Bangladesh rescues 23 Rohingya girls from traffickers

Published May 12, 2019
The girls were promised jobs in Malaysia and brought from refugee camps in Cox's Bazar. — AFP/File
The girls were promised jobs in Malaysia and brought from refugee camps in Cox's Bazar. — AFP/File

Twenty-three teenage Rohingya girls were rescued after being brought from refugee camps to the capital Dhaka to be sent to Malaysia by air, Bangladesh police said on Sunday.

Dhaka police also arrested four human traffickers including a Rohingya couple and recovered over 50 Bangladeshi passports from them on Saturday.

Police spokesman Mokhlesur Rahman said they raided a residence in the northern part of the city and found the teenagers hiding in a room behind a tailoring shop.

“They were promised jobs in Malaysia and brought from refugee camps in Cox's Bazar,” he told AFP, referring to the Rohingya settlements in Bangladesh's southeastern coastal district.

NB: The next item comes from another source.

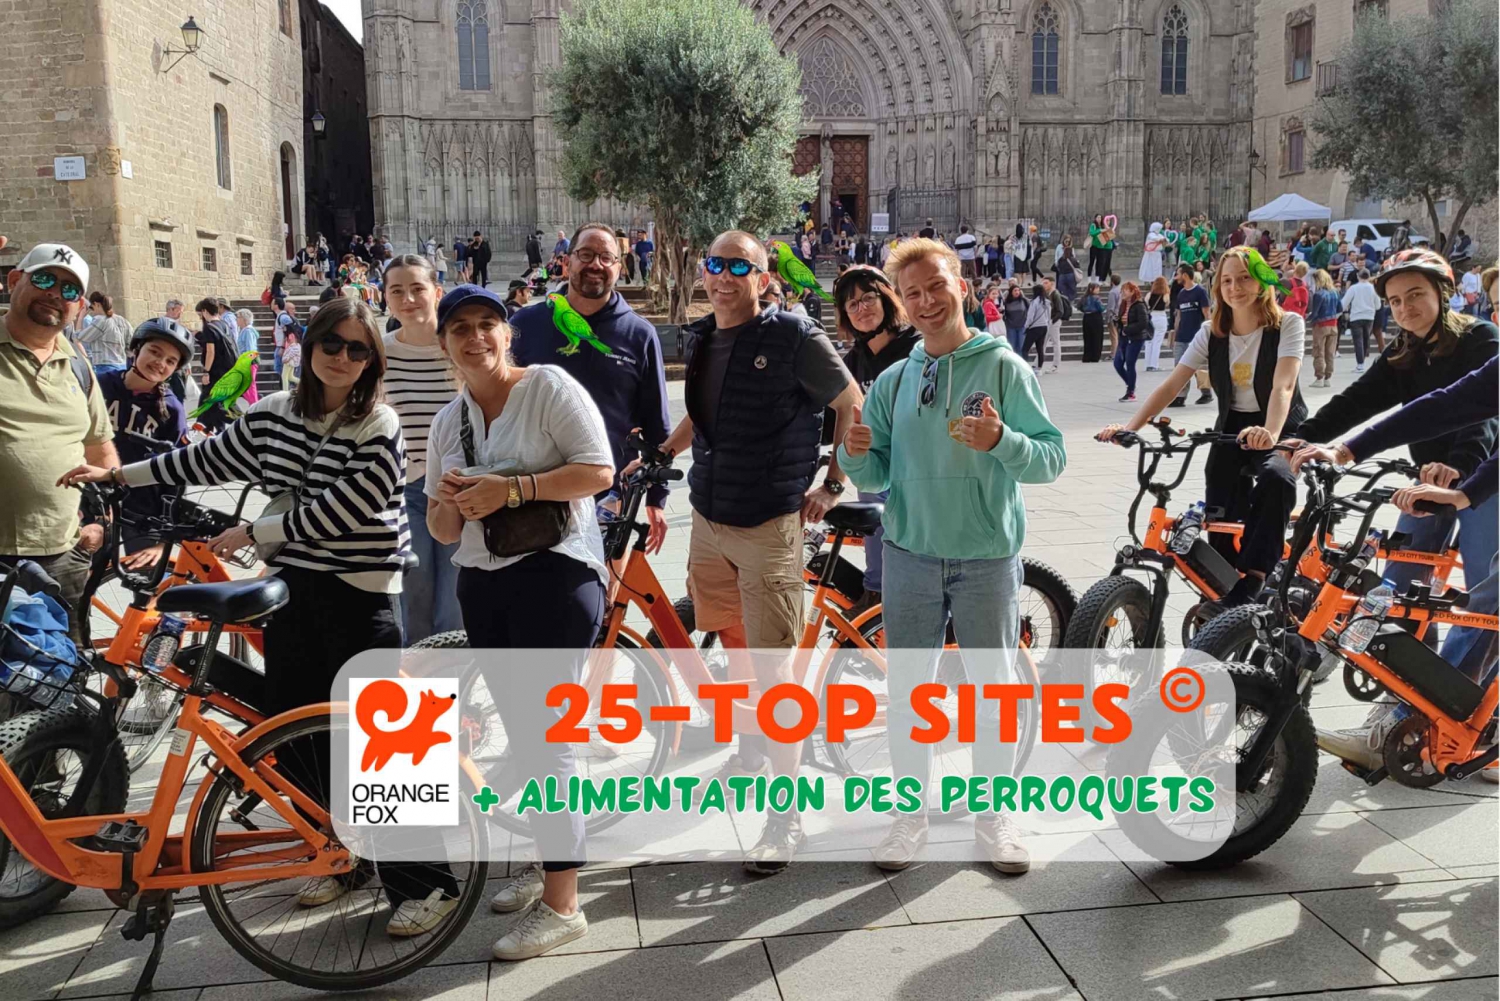 Barcelona Tour💕 mit französischem Guide 25-тop Sehenswürdigkeiten, Fahrrad/E-Bike
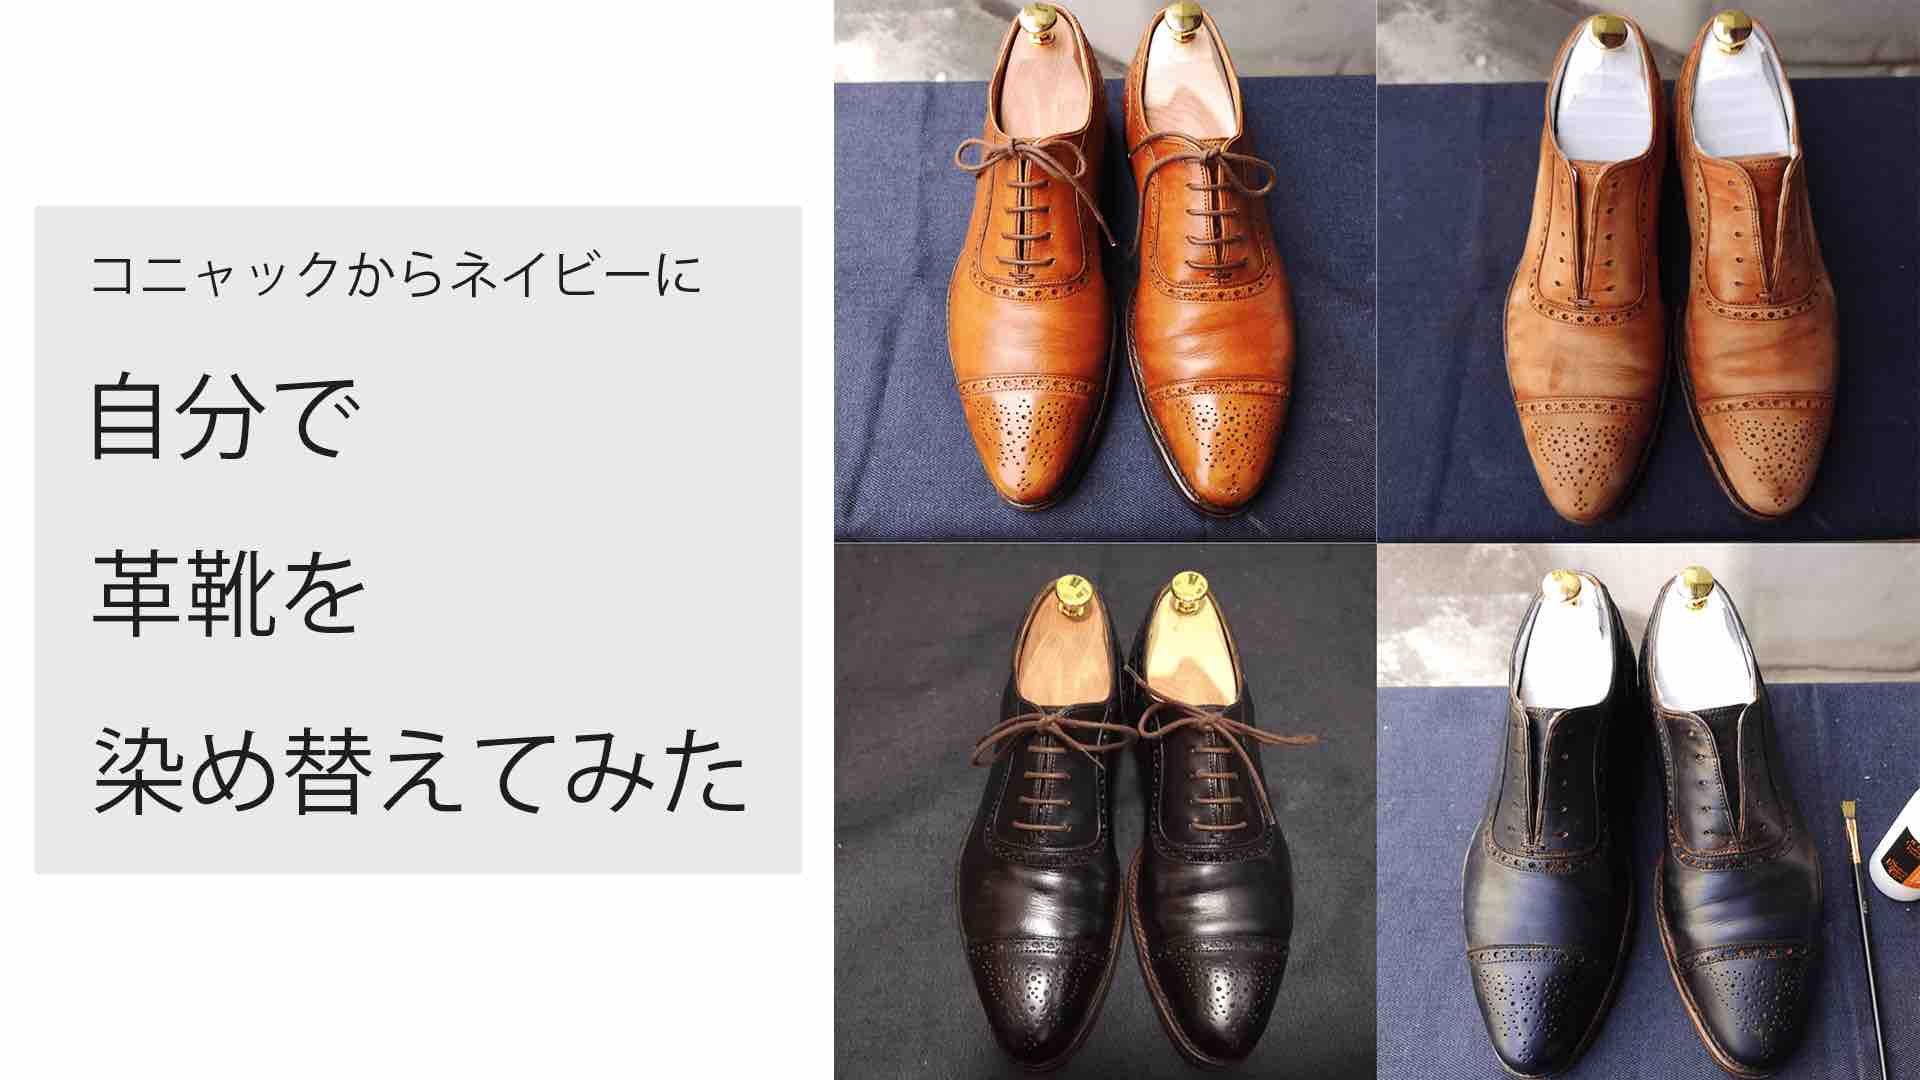 染め直し リカラー パティーヌ 自分で革靴を染め替えてみた Kutsumedia クツメディア 革靴と靴磨きのブログメディア

The girls — aged between 15 and 19 — could have been potential victims of forced prostitution, the official said.

“We have filed cases against the four arrested persons and sent the girls back to their camps in Cox's Bazar,” Rahman said.

Abul Khair, local police chief of Ukhiya, where Kutupalong, the largest refugee camp in the world, is situated, said he received the girls and would send them to their homes in the camps.

Some 740,000 Rohingya Muslims fled a brutal military clampdown in Myanmar in August 2017 and arrived in Bangladesh to join another 300,000 already living in the refugee camps.

Desperate for a better life and an economic future, the refugees, including in particular teenage girls, easily fall prey to human traffickers roaming in the overcrowded camps.

Thousands of the refugees have risked their lives travelling to Malaysia and Thailand — mainly by boat — when the Bay of Bengal is calm before monsoon season sets in at the end of May.

Bangladeshi authorities have stopped over 300 Rohingya this year alone from attempting such perilous boat journeys on rickety fishing boats.

Many have also attempted to fly to Malaysia and Middle Eastern countries by procuring Bangladeshi passports and travel documents.

Jishu Barua, an aid worker specialised in human trafficking prevention, said he dealt with 100 cases of human trafficking in the camps in the last six weeks.

“But this figure represents only a small portion of what is actually going on,” he told AFP.